Eigenvalues and Eigenvectors

For most vectors x, multiplying by a matrix A rotates and rescales x into a new direction. A few special non-zero vectors are only scaled — Ax lands on the same line through the origin. Those are the eigenvectors, and the scale factor is the eigenvalue λ: Av = λv. The eigenvalues are found from the characteristic polynomial det(A − λI) = 0 (the matrix A − λI must be singular for a non-zero v to exist), and each eigenspace is the null space of A − λI — report it by a basis. The chapter then draws the line between algebraic and geometric multiplicity (the trap), and uses it for diagonalisation A = PDP−1, which makes powers and Markov applications easy. A real matrix can have complex eigenvalues (a rotation has λ = ±i).

In this chapter

What this chapter covers

  • 01The eigen-equation Av = λv — directions the matrix only stretches
  • 02The characteristic polynomial det(A − λI) = 0 & the eigenspace as a null space
  • 03Algebraic vs geometric multiplicity — the multiplicity trap
  • 04Diagonalisation A = PDP−1, fully worked
  • 05Applications: matrix powers, Markov chains; real matrices with complex eigenvalues
Worked example · free

Worked example: eigenvalues, eigenvectors and diagonalisability

Q [5 marks]. Let A = [[2, 1], [0, 2]]. (a) Find its eigenvalues. (b) Find a basis for each eigenspace. (c) Is A diagonalisable?
  • +1(a) Characteristic polynomial. det(A − λI) = det([[2 − λ, 1], [0, 2 − λ]]) = (2 − λ)². So λ = 2 is the only eigenvalue, with algebraic multiplicity 2.
  • +1(b) Eigenspace = null(A − 2I).

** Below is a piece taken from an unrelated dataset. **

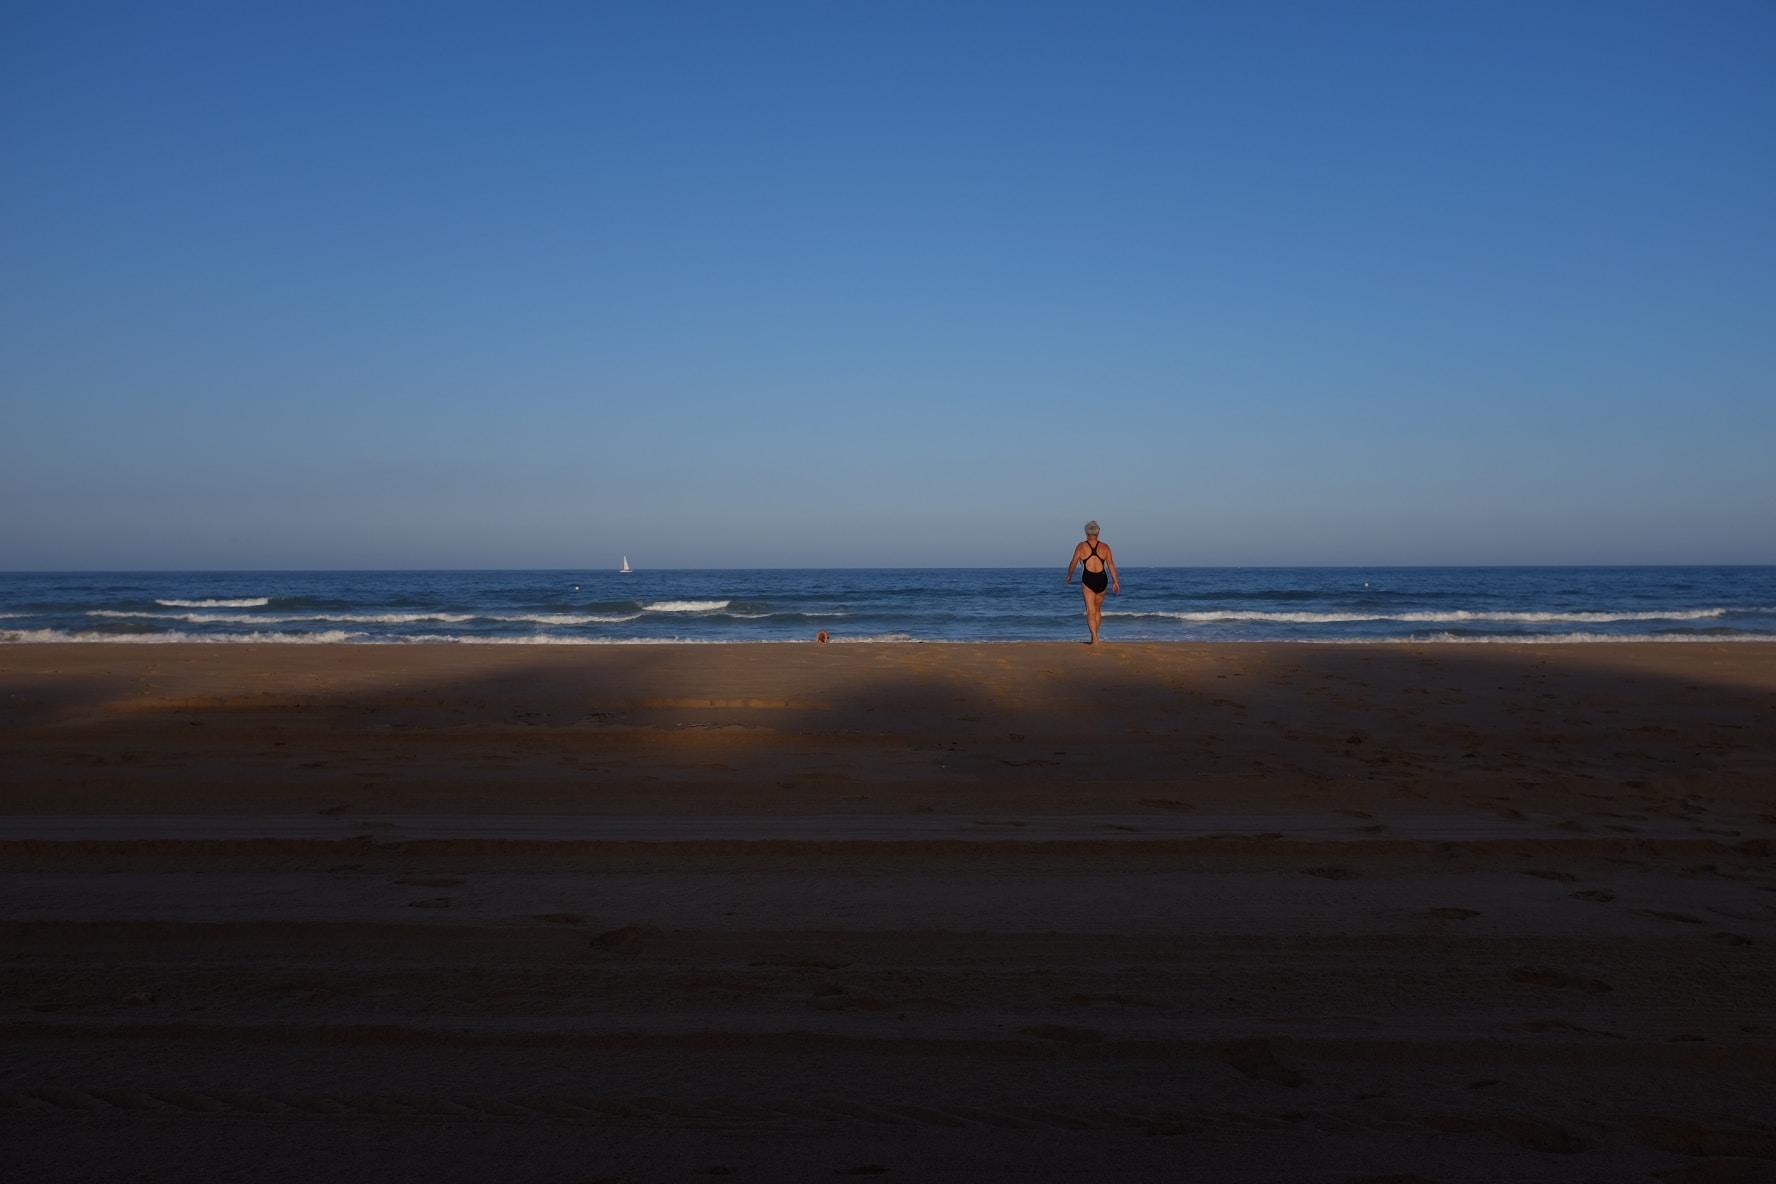 Woman in swimsuit walking on the sandy beach towards the ocean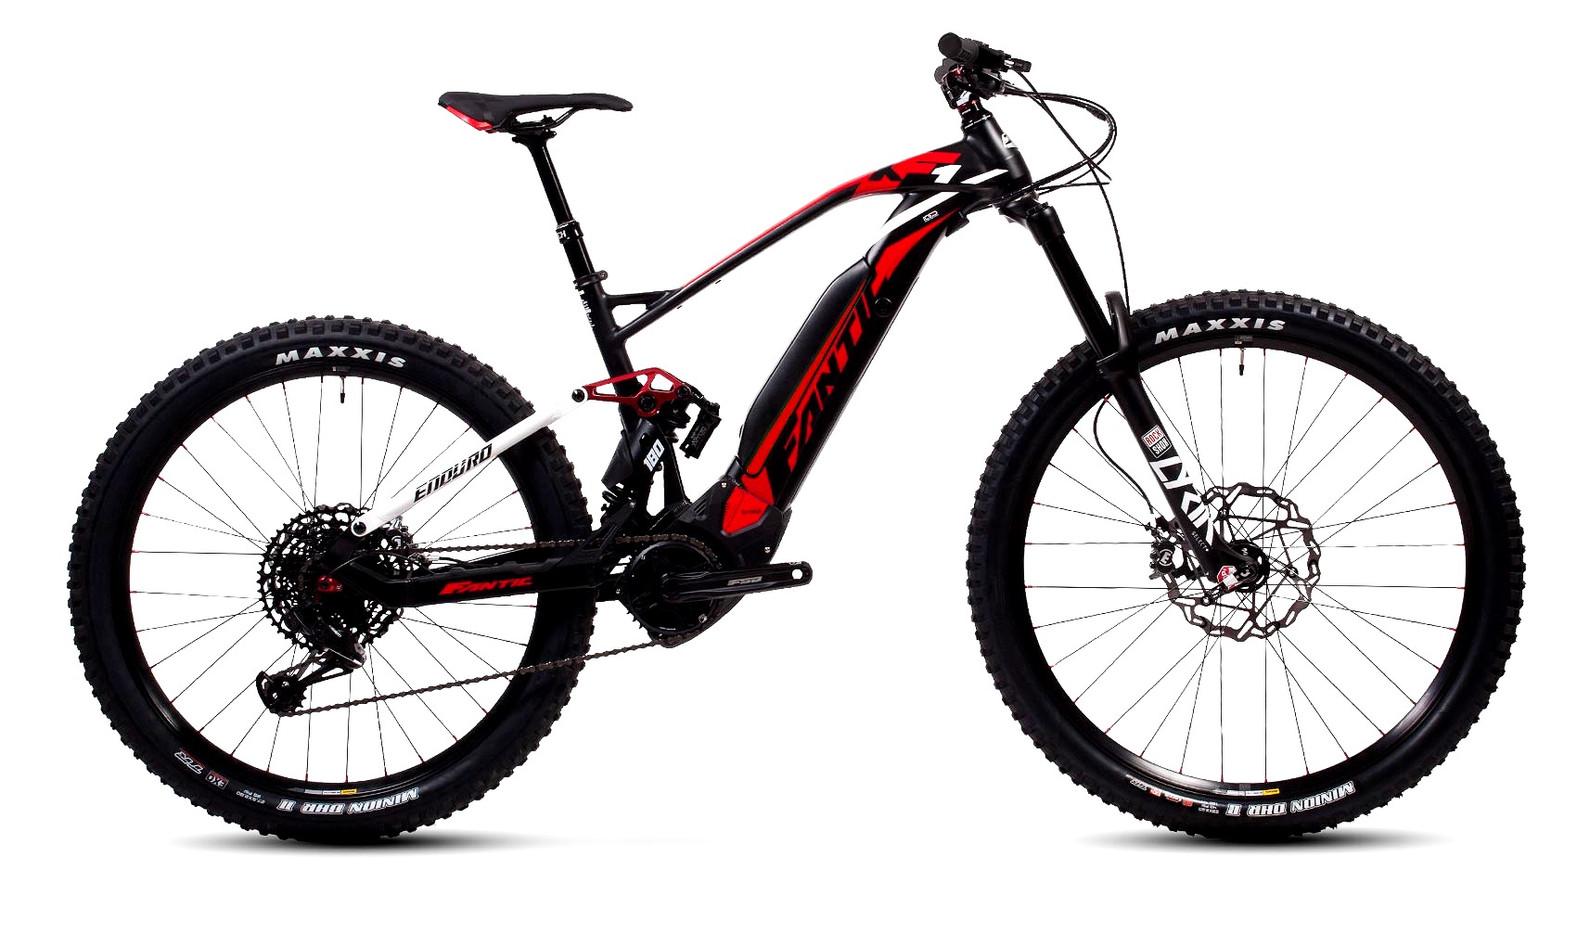 Xf1 180 Race Red

A − 2I = [[0, 1], [0, 0]]. Solving [[0,1],[0,0]] v = 0 forces the second component to be 0, leaving v = (t, 0).
  • +1Basis. A basis for the λ = 2 eigenspace is { (1, 0) }, so its geometric multiplicity is 1.
  • +1(c) Compare multiplicities. Geometric (1) < algebraic (2): A does not have enough independent eigenvectors to fill ℝ².
  • +1Conclude. A is not diagonalisable — a matrix is diagonalisable iff for every eigenvalue the geometric multiplicity equals the algebraic multiplicity, which fails here. ■
λ = 2 (algebraic multiplicity 2); the eigenspace is span{(1, 0)} (geometric multiplicity 1). Since geometric < algebraic, there is no basis of eigenvectors, so A is not diagonalisable — the standard ‘defective matrix’ trap.
Glossary

Key terms

Eigenvalue / eigenvector
A non-zero vector v with Av = λv keeps its direction under A; the scalar λ (the eigenvalue) is the stretch factor — λ > 1 stretches, 0 < λ < 1 shrinks, λ < 0 flips, λ = 1 fixes. The zero vector solves Av = λv trivially but is never called an eigenvector.
Characteristic polynomial
χA(λ) = det(A − λI), a degree-n polynomial whose roots are the eigenvalues. A non-zero v solves (A − λI)v = 0 only when A − λI is singular, i.e. its determinant vanishes — that single condition is the characteristic equation.
Eigenspace
Eλ(A) = { v : Av = λv } = null(A − λI), the set of all eigenvectors for λ together with 0. It is a subspace, so it is reported by a basis; its dimension is the geometric multiplicity of λ.
Algebraic vs geometric multiplicity
Algebraic multiplicity is how many times λ is a root of the characteristic polynomial; geometric multiplicity is the dimension of its eigenspace (the number of independent eigenvectors). Always geometric ≤ algebraic, and equality for every eigenvalue is exactly the diagonalisability condition.
Diagonalisation
Writing A = PDP−1 where D is diagonal (the eigenvalues) and P has the corresponding eigenvectors as columns. It exists iff A has a full basis of eigenvectors, and it makes Ak = PDkP−1 — the key to matrix powers and Markov-chain limits.
FAQ

Eigenvalues and Eigenvectors FAQ

How do I actually find eigenvalues and eigenvectors?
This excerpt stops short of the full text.